▶ **Supplied material**
○ ○ ○ ○
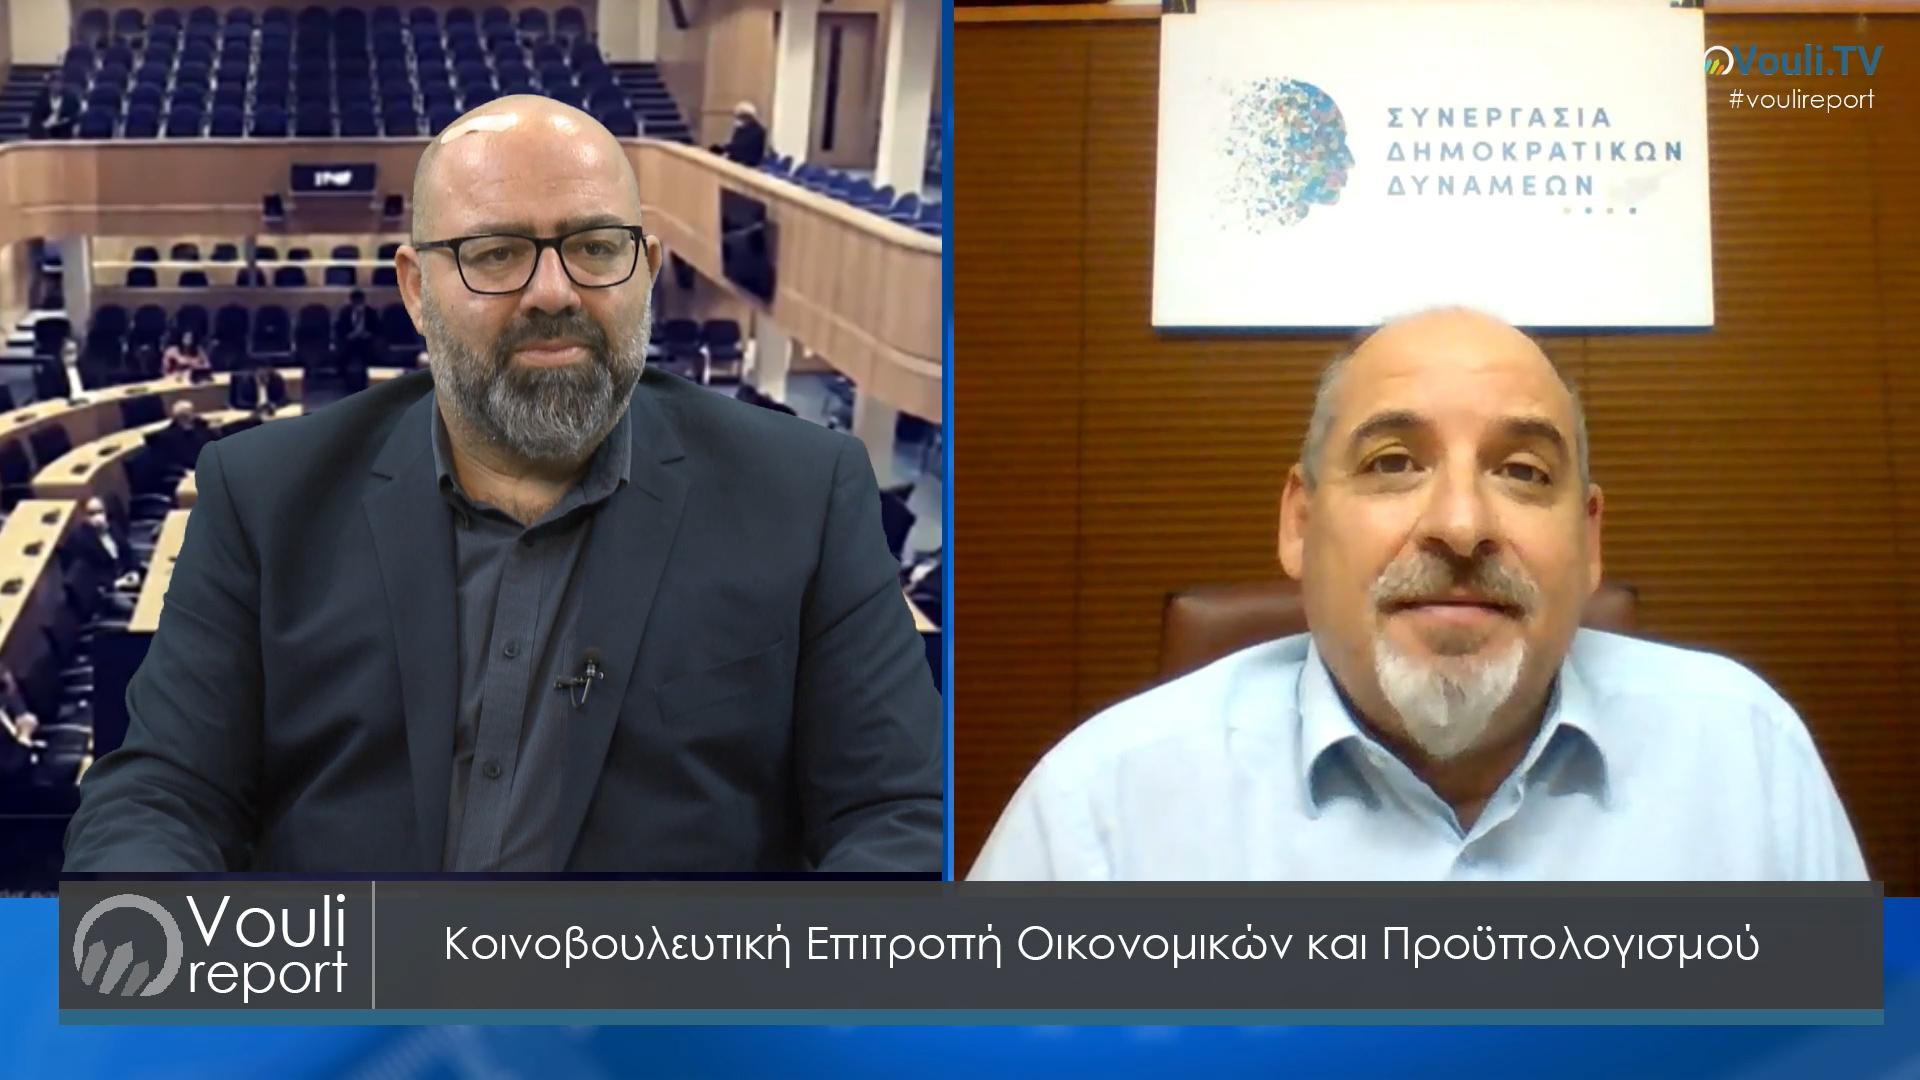 Vouli report - 07/12/2020   Κοινοβουλευτική Επιτροπή Οικονομικών και Προϋπολογισμού
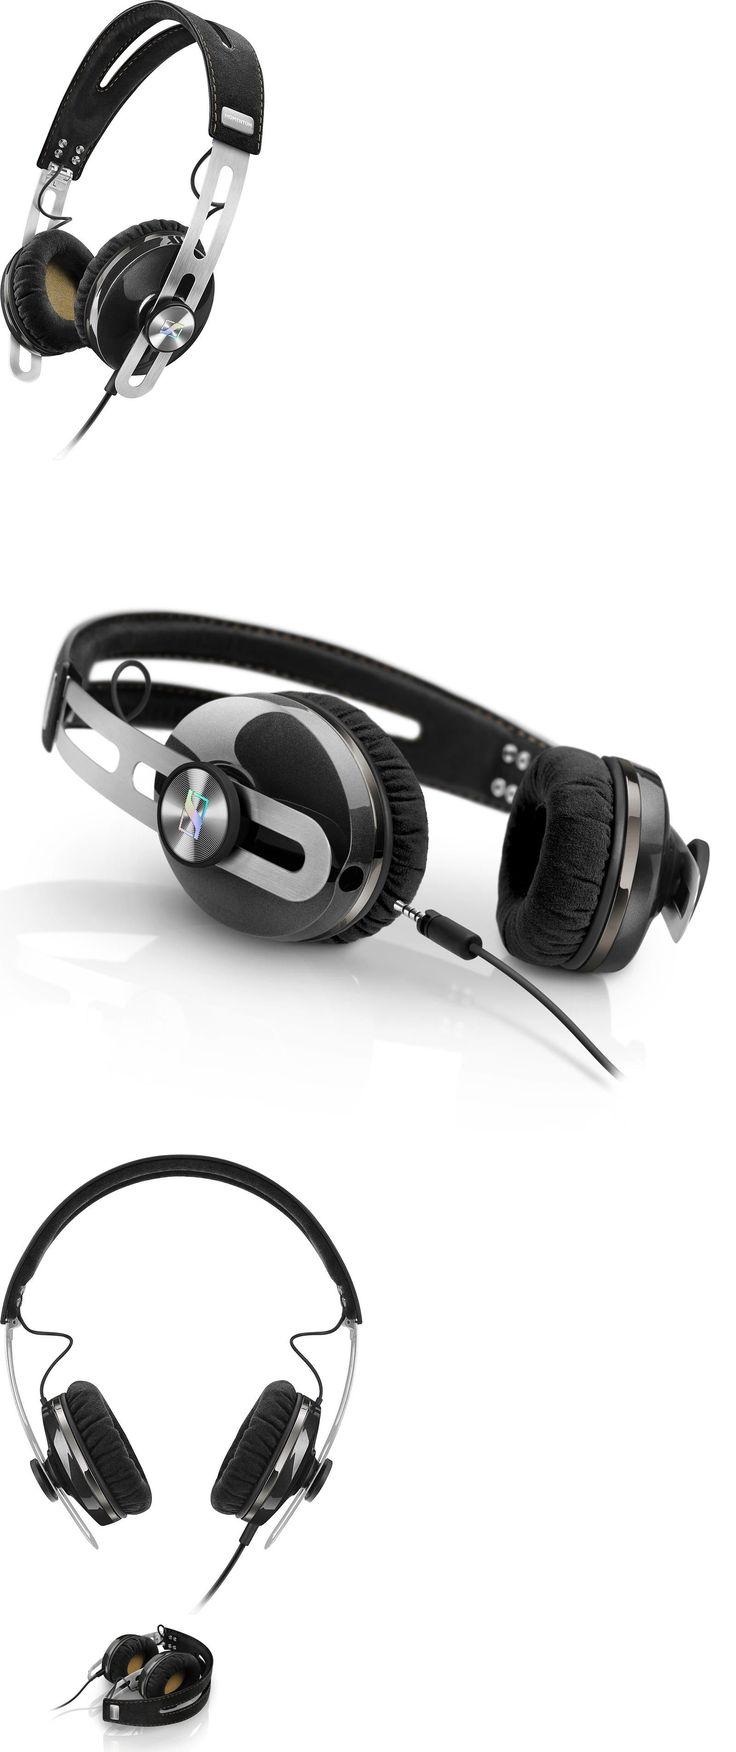 Headsets and Earpieces: Sennheiser Momentum 2.0 Oei On-Ear Supra Aural Stereo Headphones Black Apple -> BUY IT NOW ONLY: $149.99 on eBay!
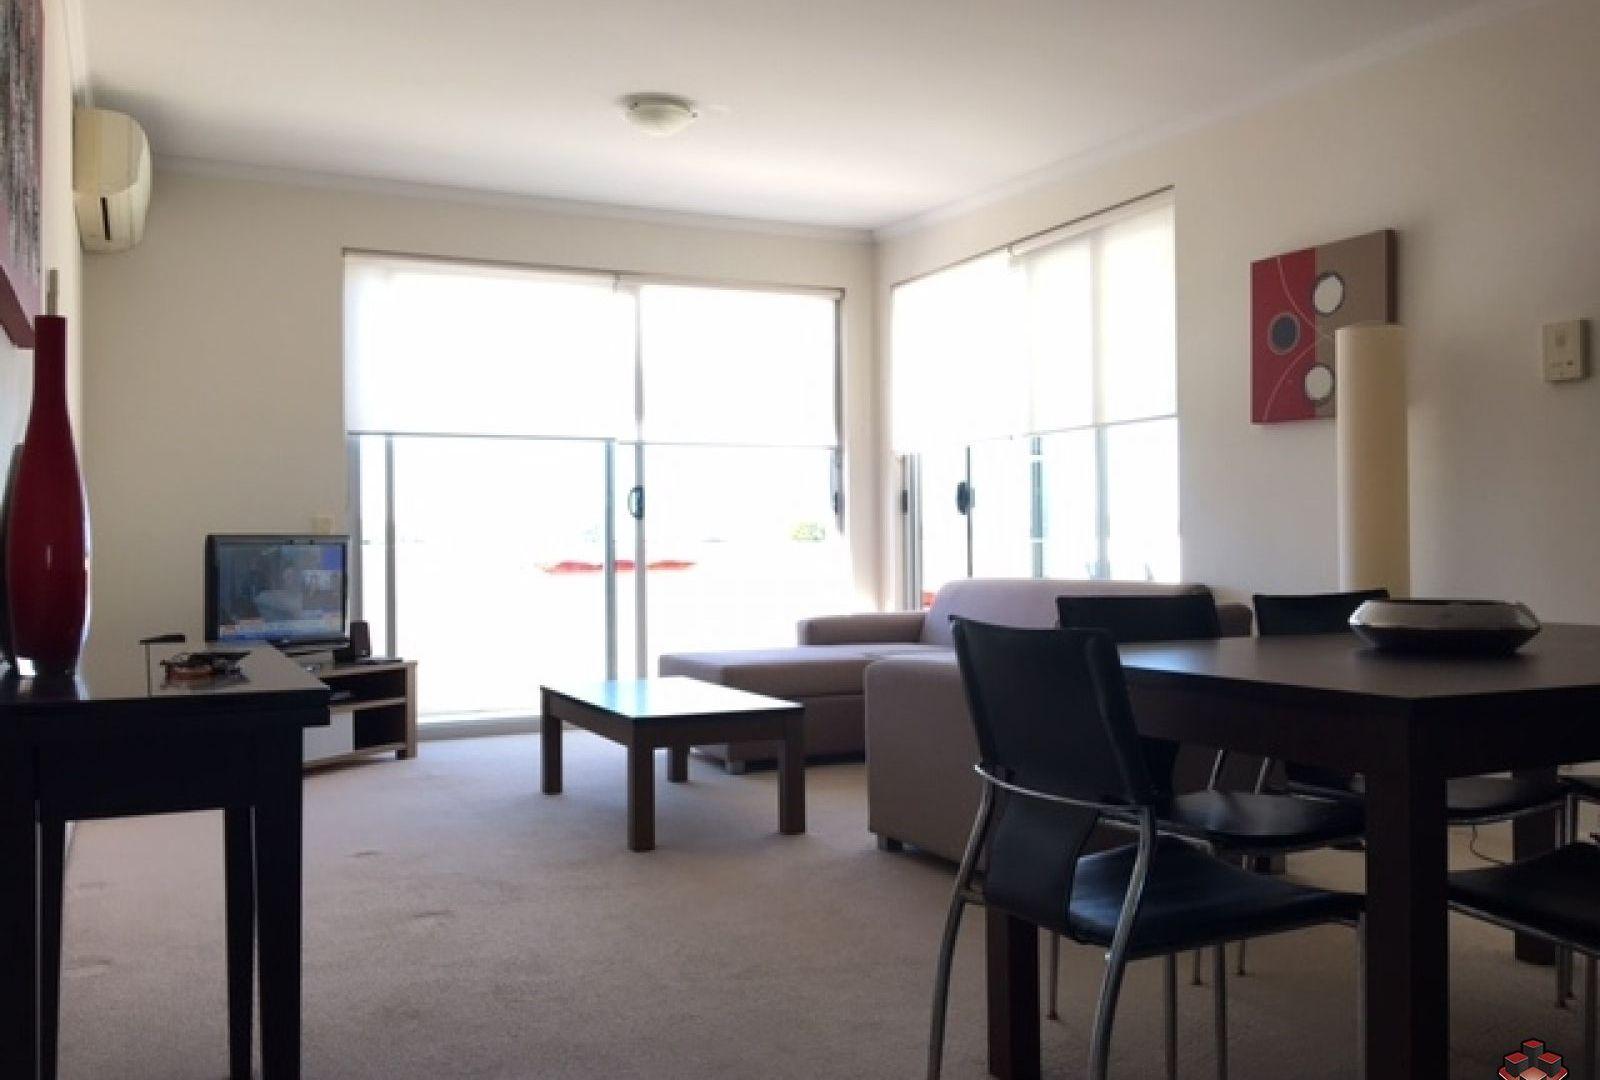 59 Keating Street, Indooroopilly QLD 4068, Image 1
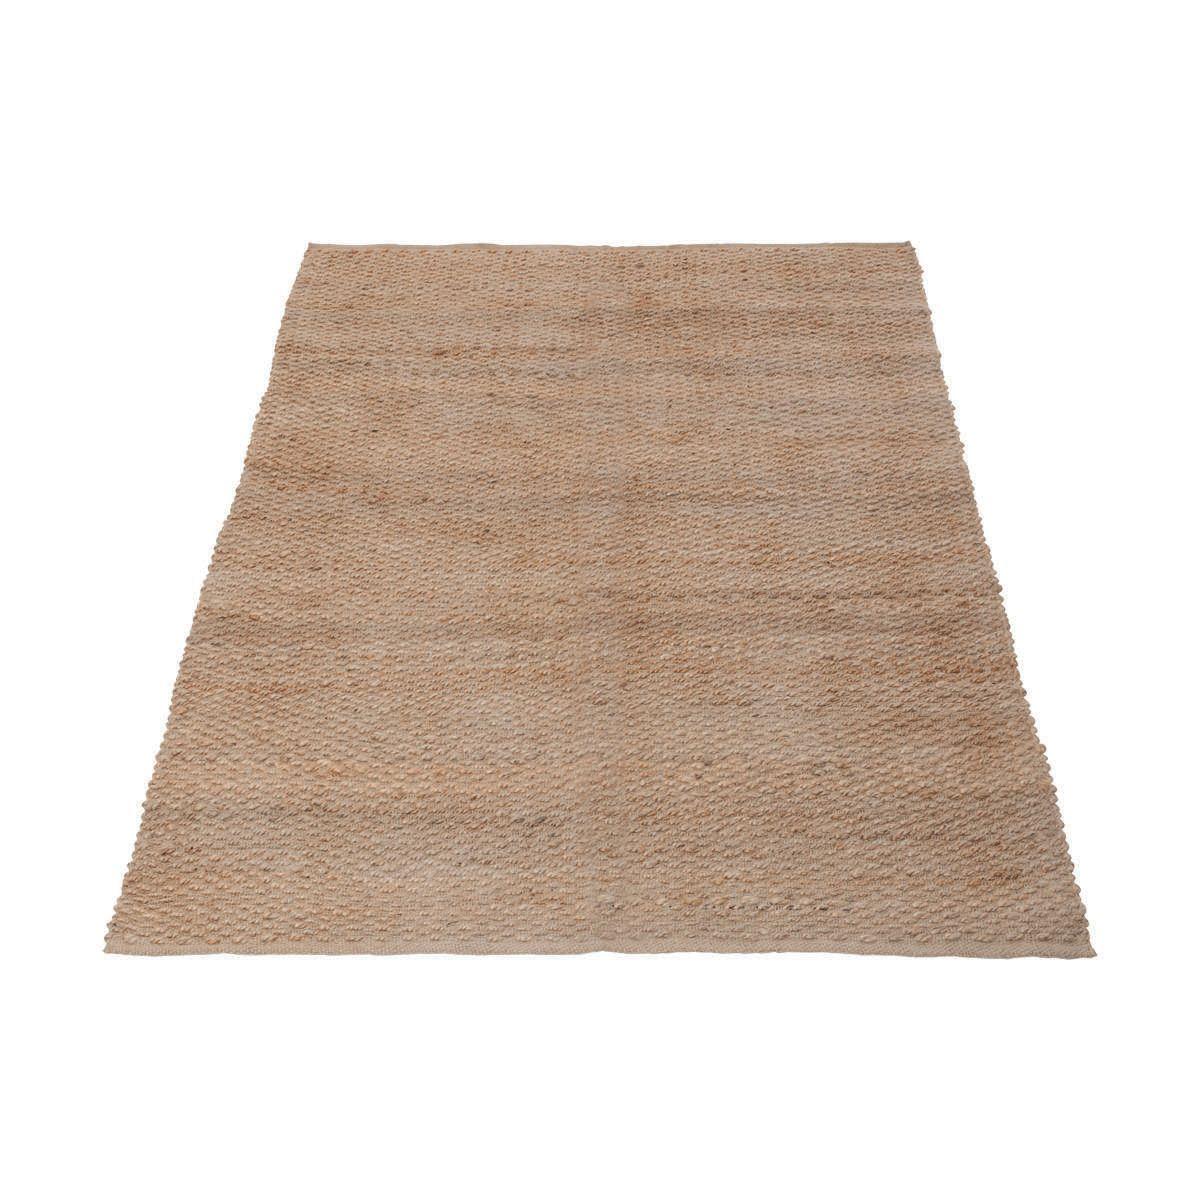 Juteteppich Kmart In 2020 Jute Rug Rugs Rugs On Carpet
○ ○ ○ ○
Excluding the images, copy all of the material above verbatim.

▶ **Response to the exercise**
 Vouli report - 07/12/2020   Κοινοβουλευτική Επιτροπή Οικονομικών και Προϋπολογισμού
 Headsets and Earpieces: Sennheiser Momentum 2.0 Oei On-Ear Supra Aural Stereo Headphones Black Apple -> BUY IT NOW ONLY: $149.99 on eBay!
 59 Keating Street, Indooroopilly QLD 4068, Image 1
 Juteteppich Kmart In 2020 Jute Rug Rugs Rugs On Carpet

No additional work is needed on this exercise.